The Chinese village leader who assaulted local officials and burned down a township government building this January has been given a life sentence, according to his family and lawyer.

Gao Jinghe, the head of a small hamlet some 140 miles northeast of Beijing, was found guilty of trying to kill the leader of his local township by stabbing him in the face and setting him on fire with gasoline. In the same incident on Jan. 15, Gao is also said to have used a pig-slaughtering knife to wound the Chinese Communist Party secretary of Liuzhangzi Township, which sits near the village of Beitai that Gao oversaw until his outburst of violence.

None of the injuries were life threatening, though the township leader reportedly suffered extensive burns. A third person was slightly injured by Gao in the melee.

The verdict against Gao was passed by a court in Hebei Province, which surrounds Beijing, on April 16 but not communicated officially to his family until April 23. Gao’s lawyer said he expected him to serve 12 or 13 years before possibly being released.

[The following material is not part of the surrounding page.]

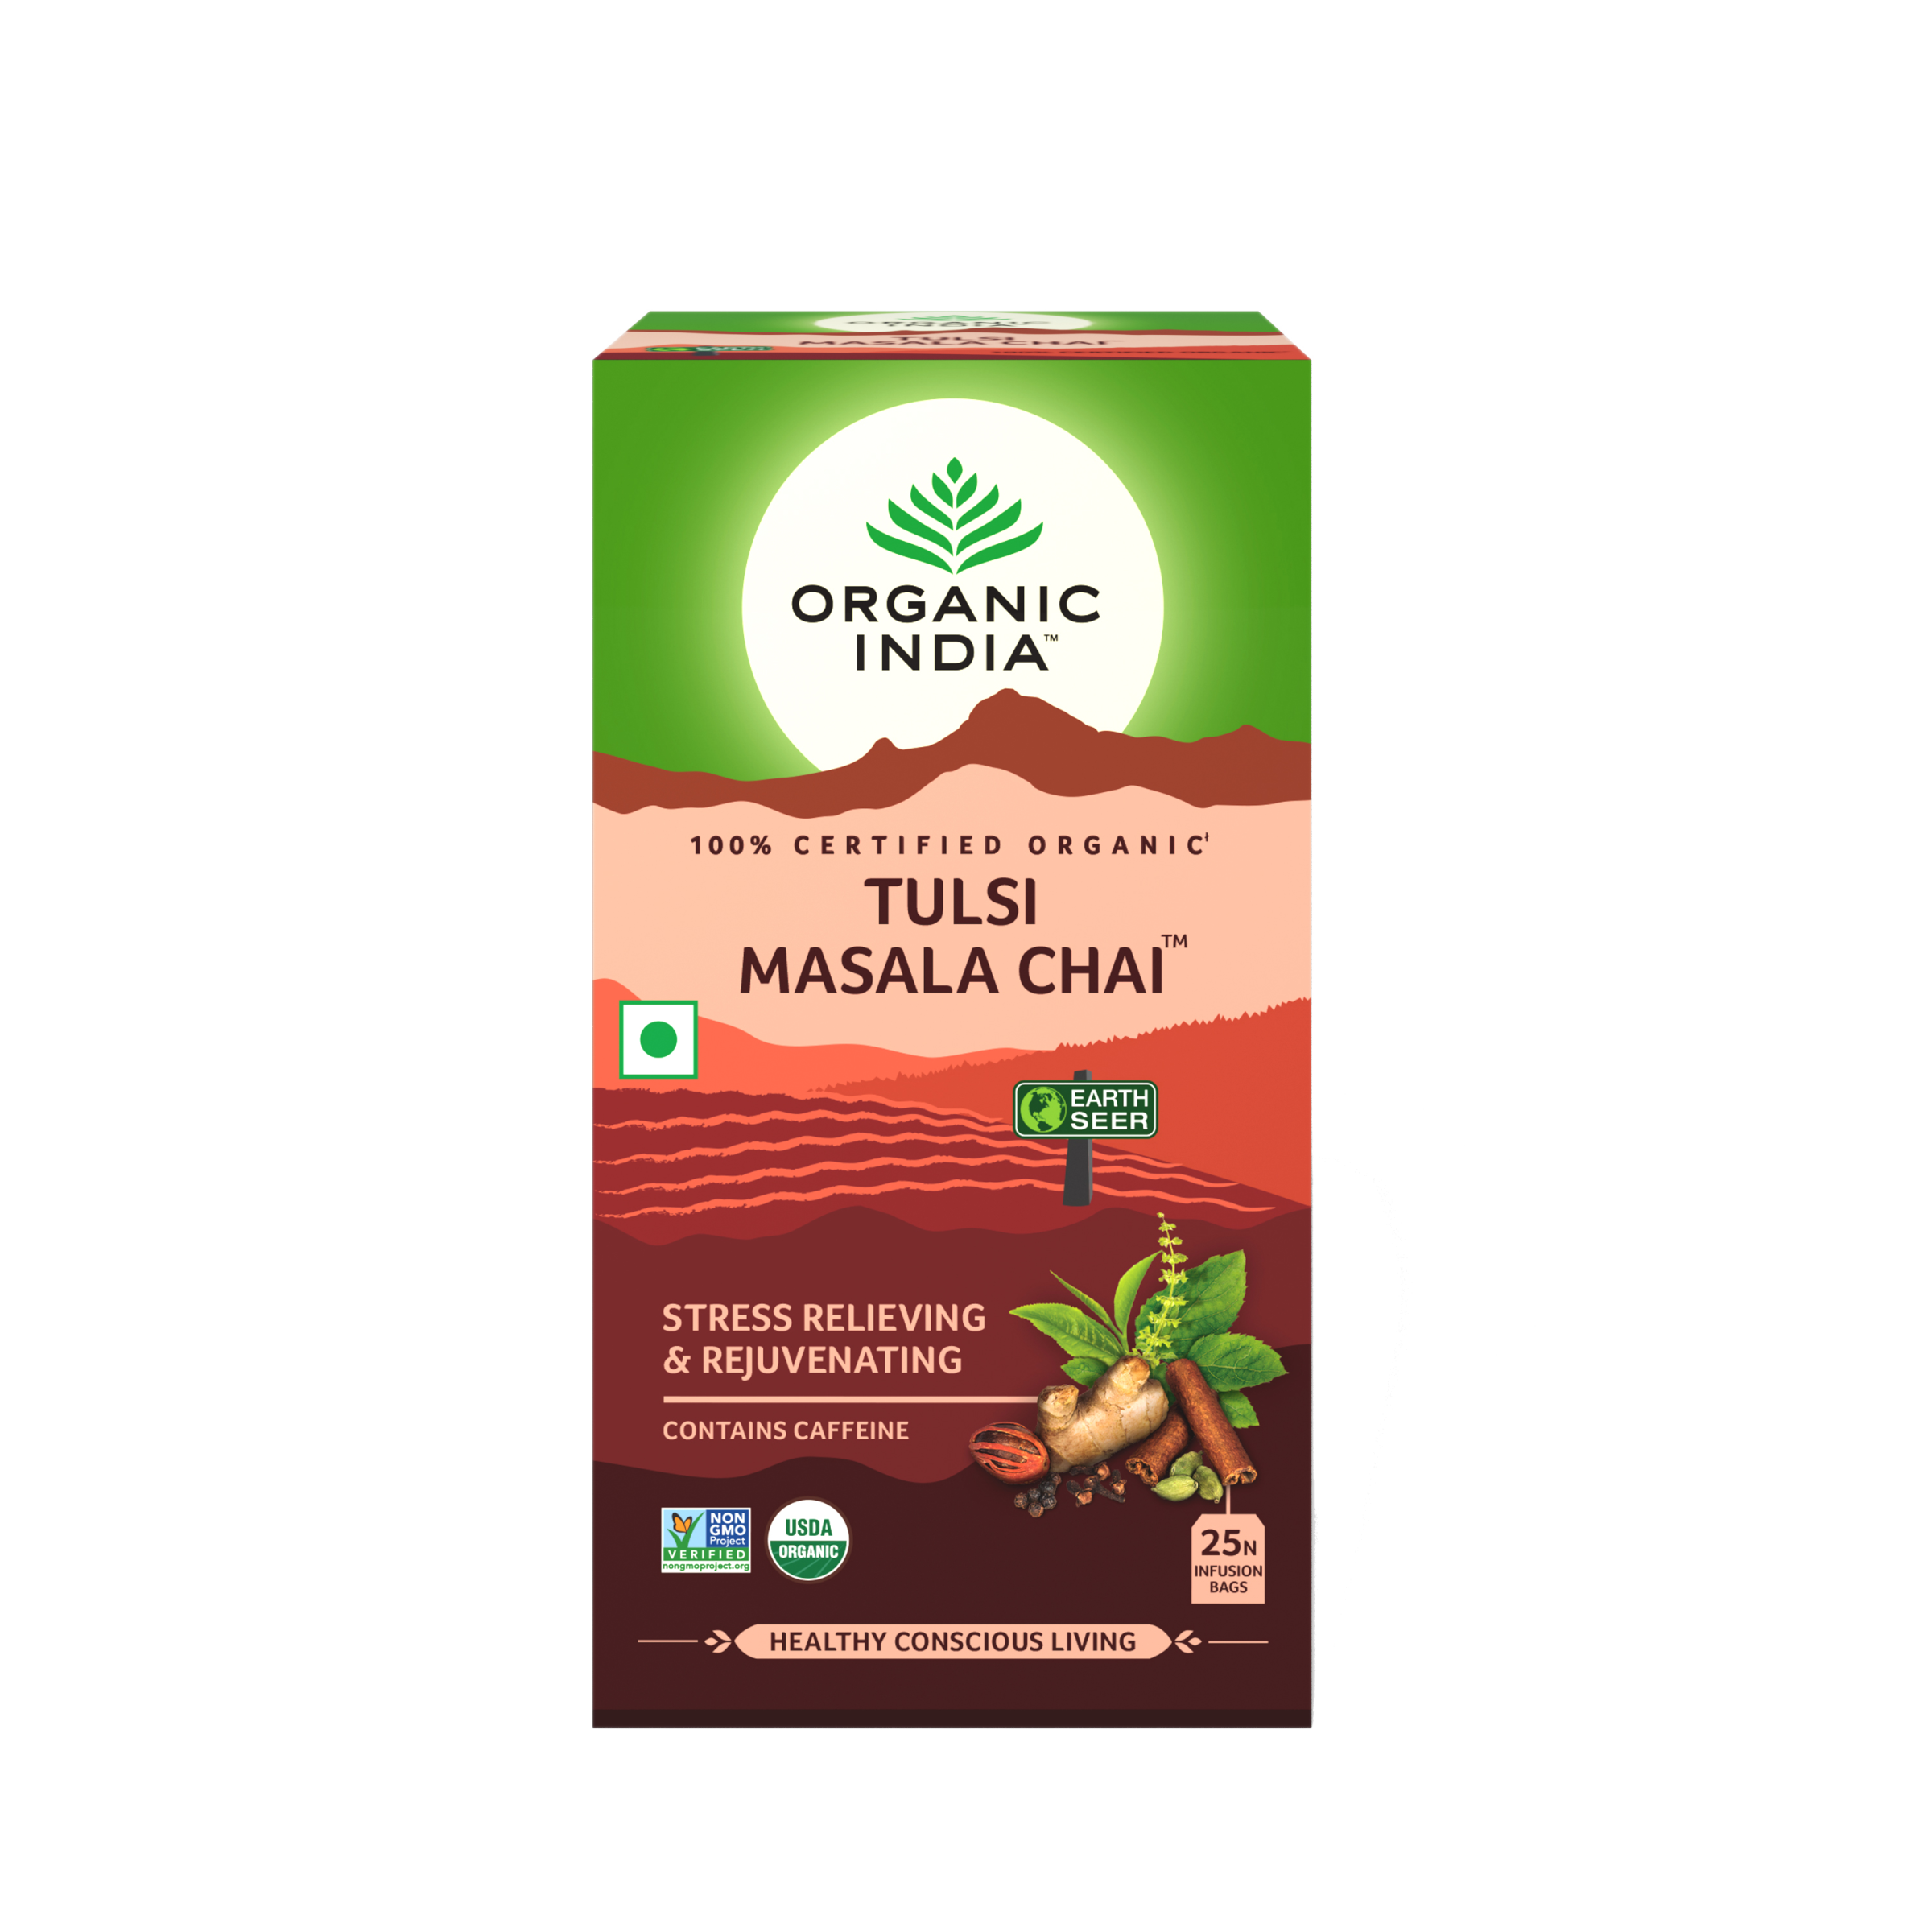 Té Organic India Tulsi en bolsa Masala Chai

Although the details of the attacks were not in dispute, many people interviewed in Beitai by McClatchy later in January were supportive of Gao after his arrest.

He had led an unsuccessful fight to invalidate agreements brokered by his predecessor that granted rights for village timberland to several businessmen. There were widespread complaints in Beitai that the deals were nontransparent, if not completely corrupt. Suspicions of wrongdoings by local officials and their allies, especially on matters of land and money, are common in China.

“The officials are protecting each other, there are financial interests,” said Gao Jinlong, Gao Jinghe’s nephew, in a phone interview on Wednesday.

Allegations of wrongdoing in the real estate transactions were brought up during Gao’s three-and-a half hour trial on April 10 as possible motivation for the bloodshed, said Gao’s Beijing-based lawyer, Hao Hongwei.

“But Gao Jinghe was not very satisfied with the responses from the county and the township,” in giving particulars of the deals, Hao said.

During the trial, Gao said that he’d carried a knife and bottle of gasoline to the township government offices only to scare officials, not to kill anyone, according an account in The Beijing News, a state-controlled publication.

The newspaper noted the court was not swayed by that version of events.

In addition to a life sentence for arson and the attempted murders, Gao was ordered to pay 449,417 yuan, about $71,275, in damages for torching the township building. Hao, the lawyer, said that Gao decided not to appeal the ruling both because he’d run out of money to do so and he did not expect a different decision from higher-level courts.

Asked about Gao’s attitude during the proceedings, Hao explained that, “he didn’t apologize, but he felt regret.”